*** Opening EXTRACTED MATERIAL ***

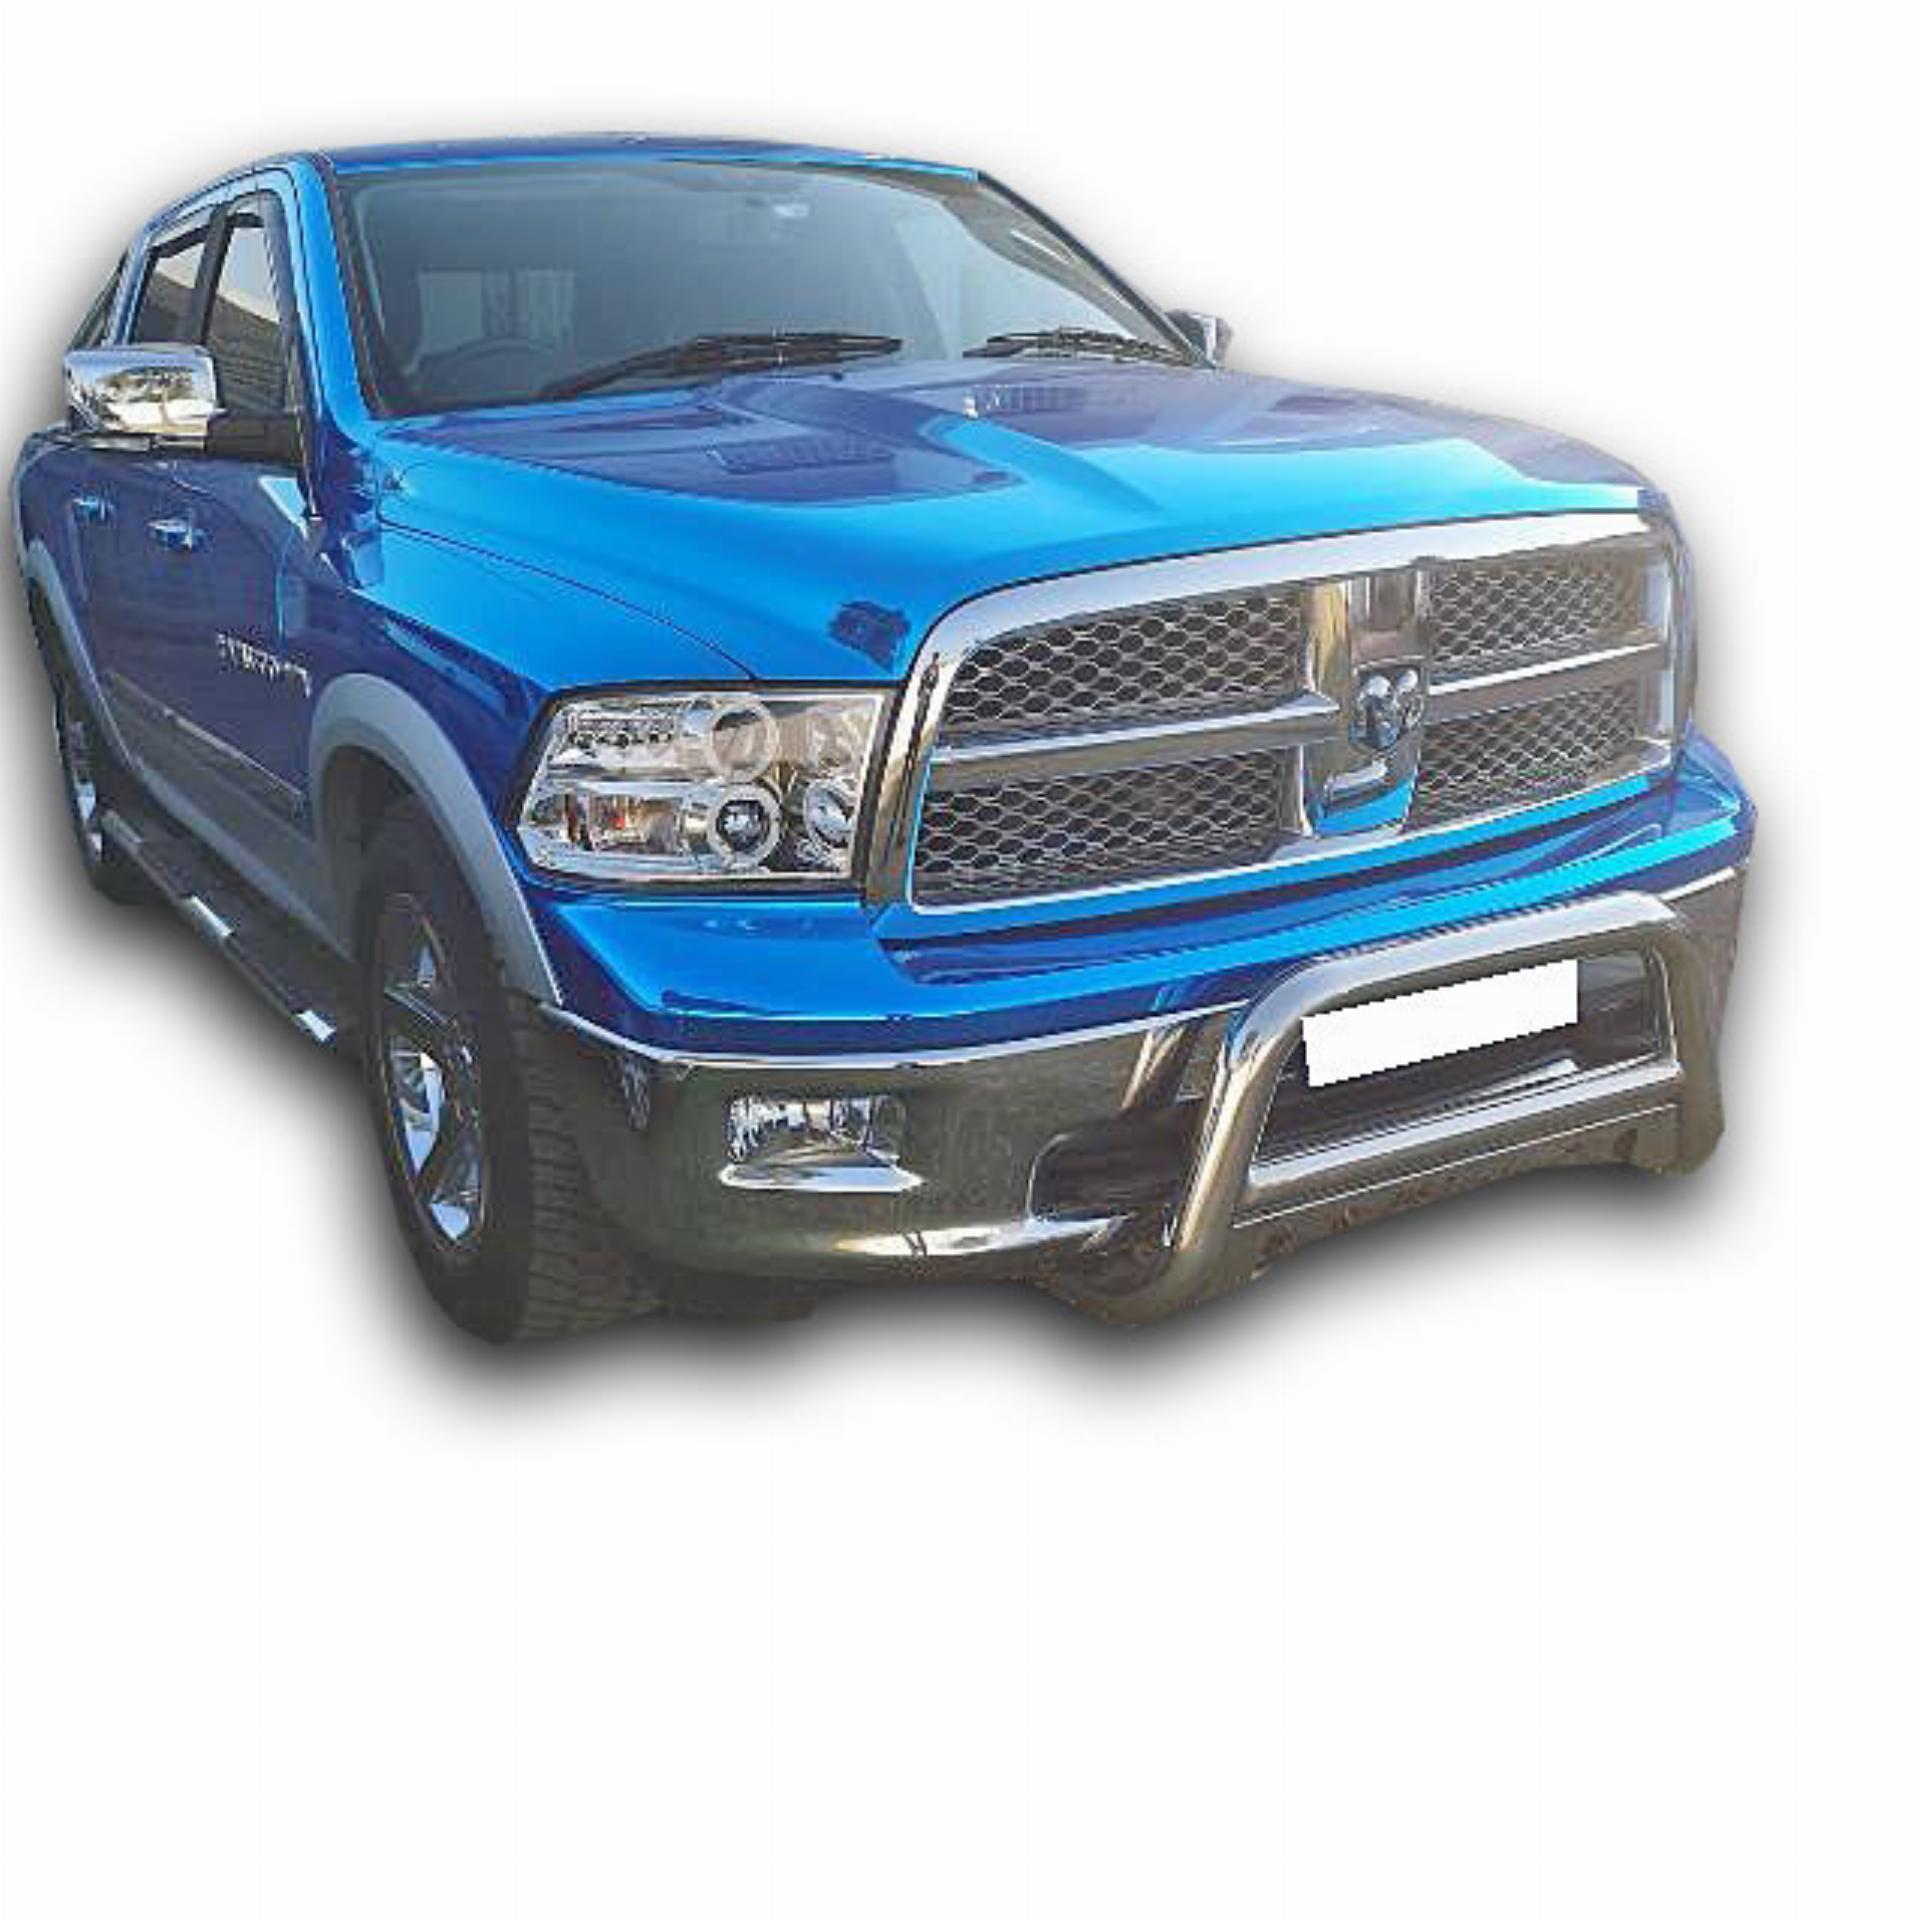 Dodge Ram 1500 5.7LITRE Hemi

*** Closing EXTRACTED MATERIAL ***
*** Opening EXTRACTED MATERIAL ***

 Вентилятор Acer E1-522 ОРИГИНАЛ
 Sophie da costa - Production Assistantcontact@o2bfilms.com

*** Closing EXTRACTED MATERIAL ***
*** Opening EXTRACTED MATERIAL ***

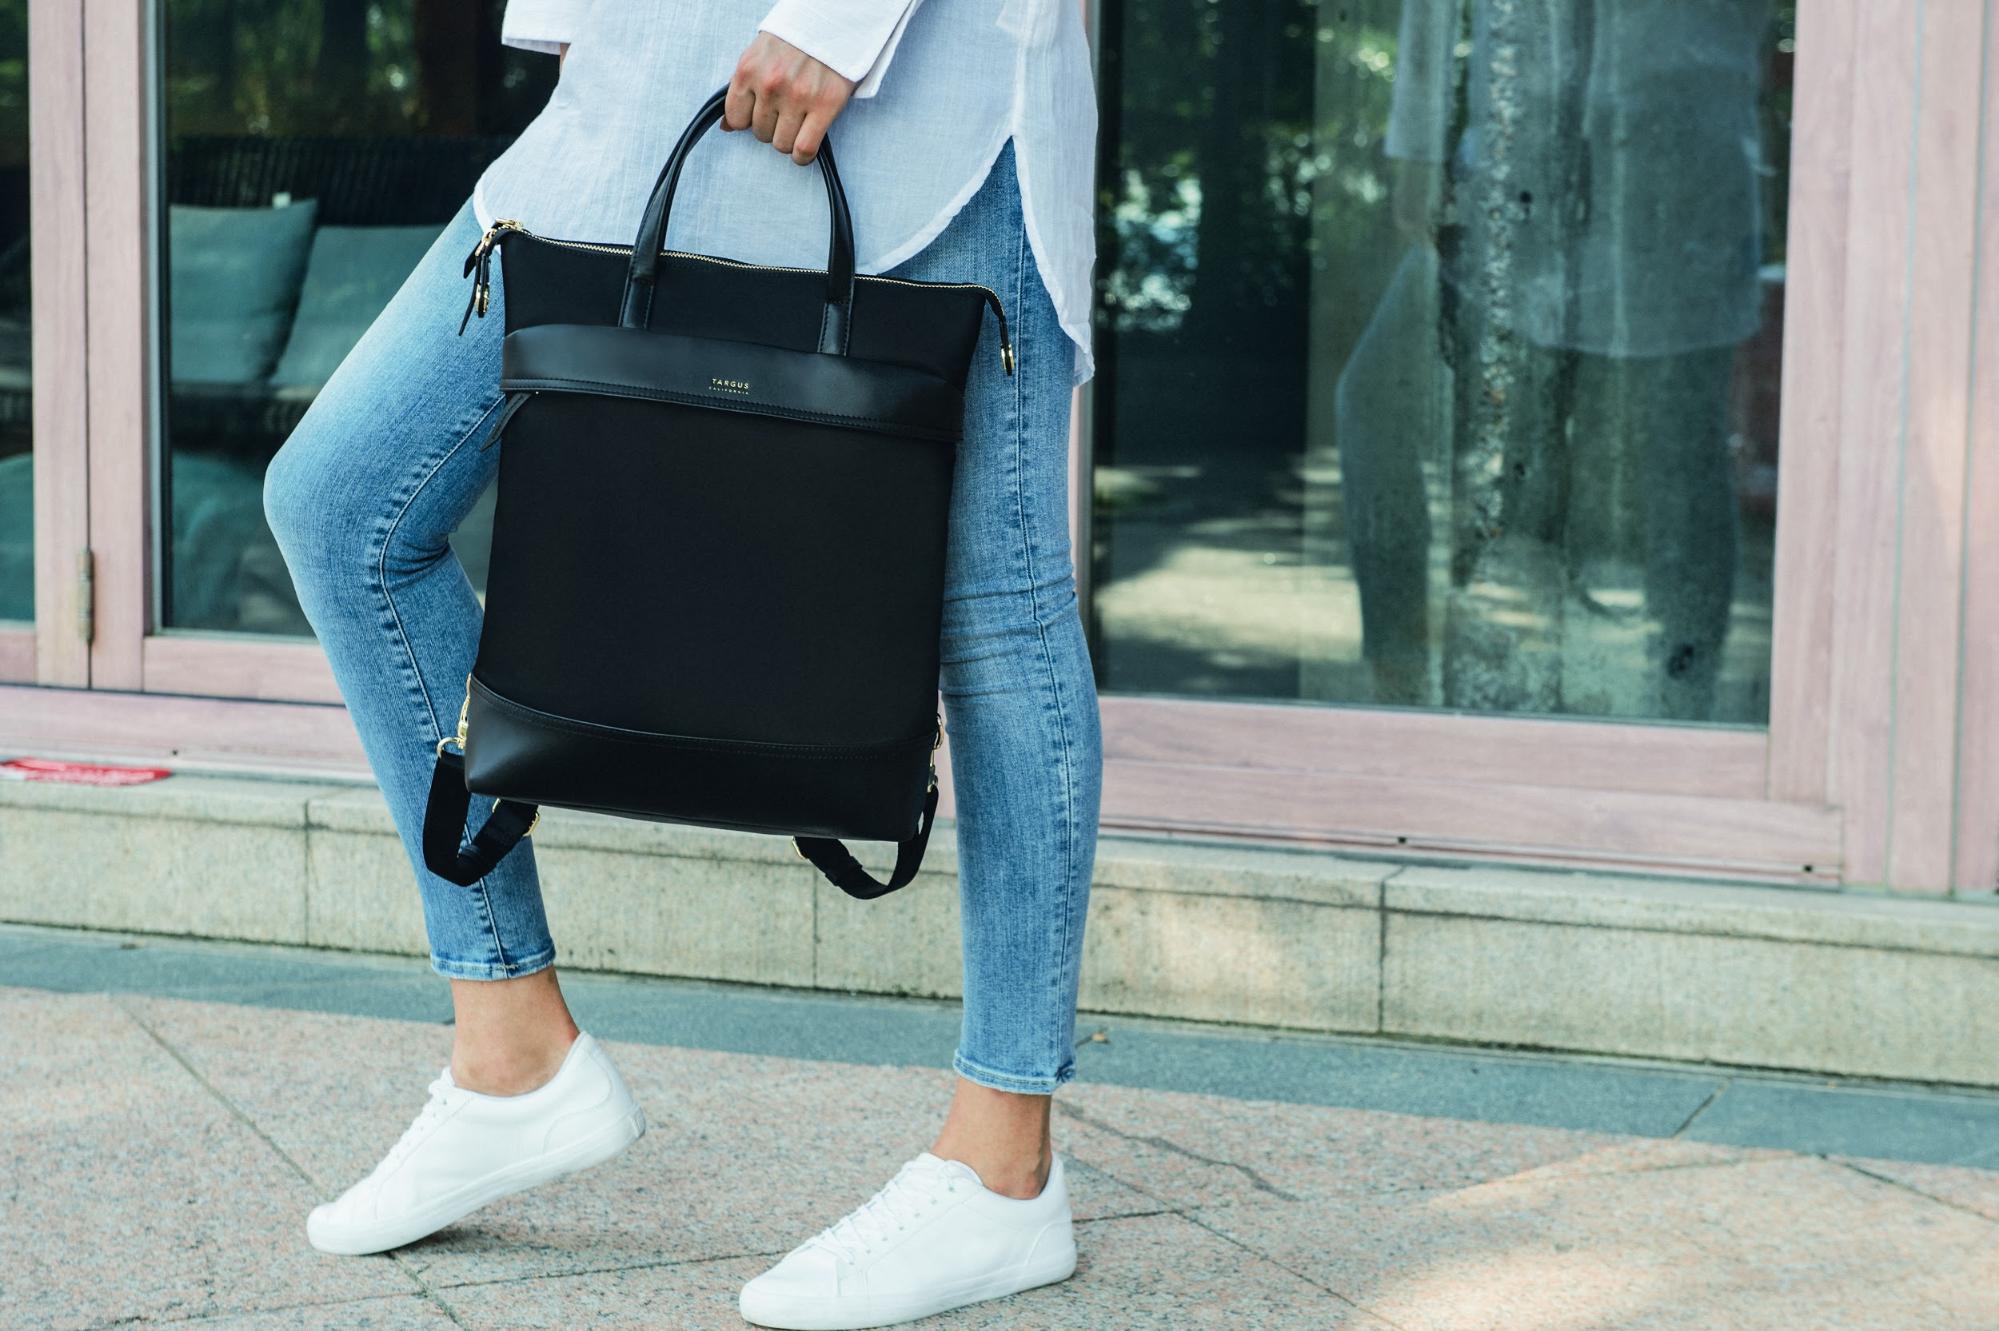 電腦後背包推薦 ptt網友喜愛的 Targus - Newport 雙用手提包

*** Closing EXTRACTED MATERIAL ***

**WHAT TO PRODUCE:** Within the material above, extract exactly the lines that start at the line containing "Вентилятор Acer E1-522 ОРИГИНАЛ" and stop after the line containing "Sophie da costa", and only those.

**EXERCISE RESPONSE:**
 Вентилятор Acer E1-522 ОРИГИНАЛ
 Sophie da costa - Production Assistantcontact@o2bfilms.com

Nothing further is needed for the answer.